While there was an overall increase in UK wealth, more people felt worse off (31 per cent) than better off (21 per cent) compared to a year ago, with 71 per cent of those who have seen their financial situation worsen saying the cost of living had limited their ability to manage their money.
More than a quarter (26 per cent) did not feel financially ‘resilient’, with 31 per cent having less than £10,000 in savings, investments and personal possessions, and 10 per cent having no safety net at all.
Younger generations were more likely to be taking proactive steps to put financial plans in place, with 52 per cent of under-35s having a plan compared to 28 per cent of over-55s and 41 per cent of 35-54 year olds.
“The financial health of the nation is clearly a mixed picture,” commented SJP director of advice policy & operations, Alexandra Loydon.
“At a headline level, pay rises and better returns on savings and investments have driven an increase in average household wealth this year, but many continue to feel the pinch when it comes to day-to-day expenses.

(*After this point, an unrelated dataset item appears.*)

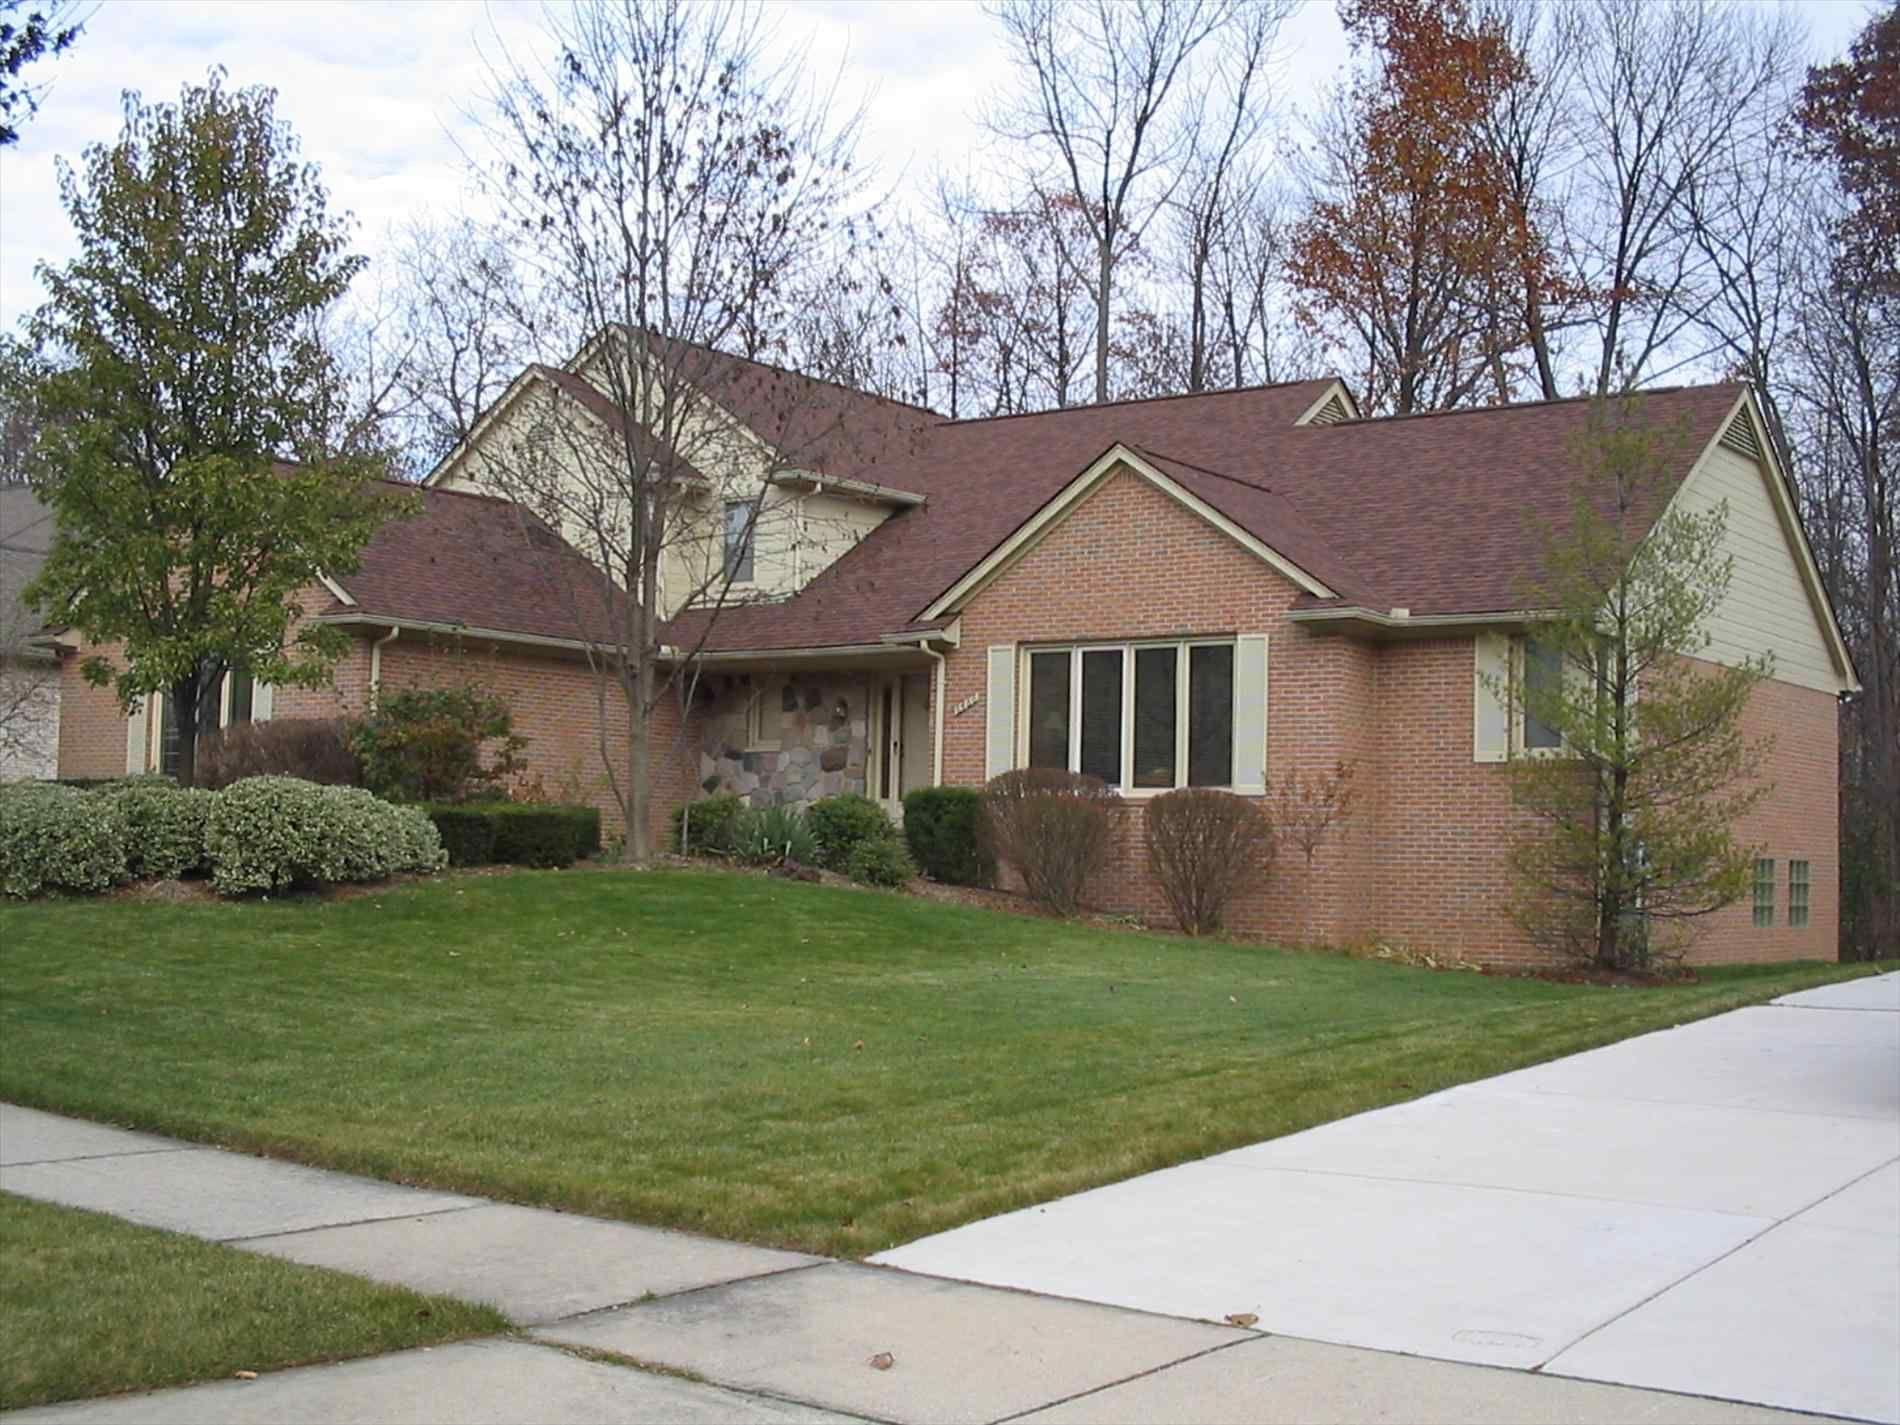 Certainteed Landmark Roof Shingles Home Roof Ideas Architectural Shingles Shingle Colors Roof Shingles

“High energy, food and fuel costs continue to impact both the pound in people’s pockets and their ability to put money aside for the future, as well as widening the wealth divide further. While this naturally impacts those on lower incomes the most, wealth can often be tied up in possessions or longer-term savings, so incomes are being stretched more widely.
“Looking ahead to the rest of the year, consumer confidence is likely to remain fragile as several factors contribute to ongoing financial pressures on households. To navigate this backdrop, it’s crucial that people take steps to make their money work harder. Our research shows just how much of a difference a financial plan can make in building better financial health, regardless of age, income or where we live.
“It’s great to see the younger generation – who we’ve termed ‘Generation Plan’ – leading the way in this regard, adopting a proactive approach to both short and long-term finances. Building these habits from as early an age as possible, and maintaining them through all stages of life, will stand them in good stead both now and in the future.”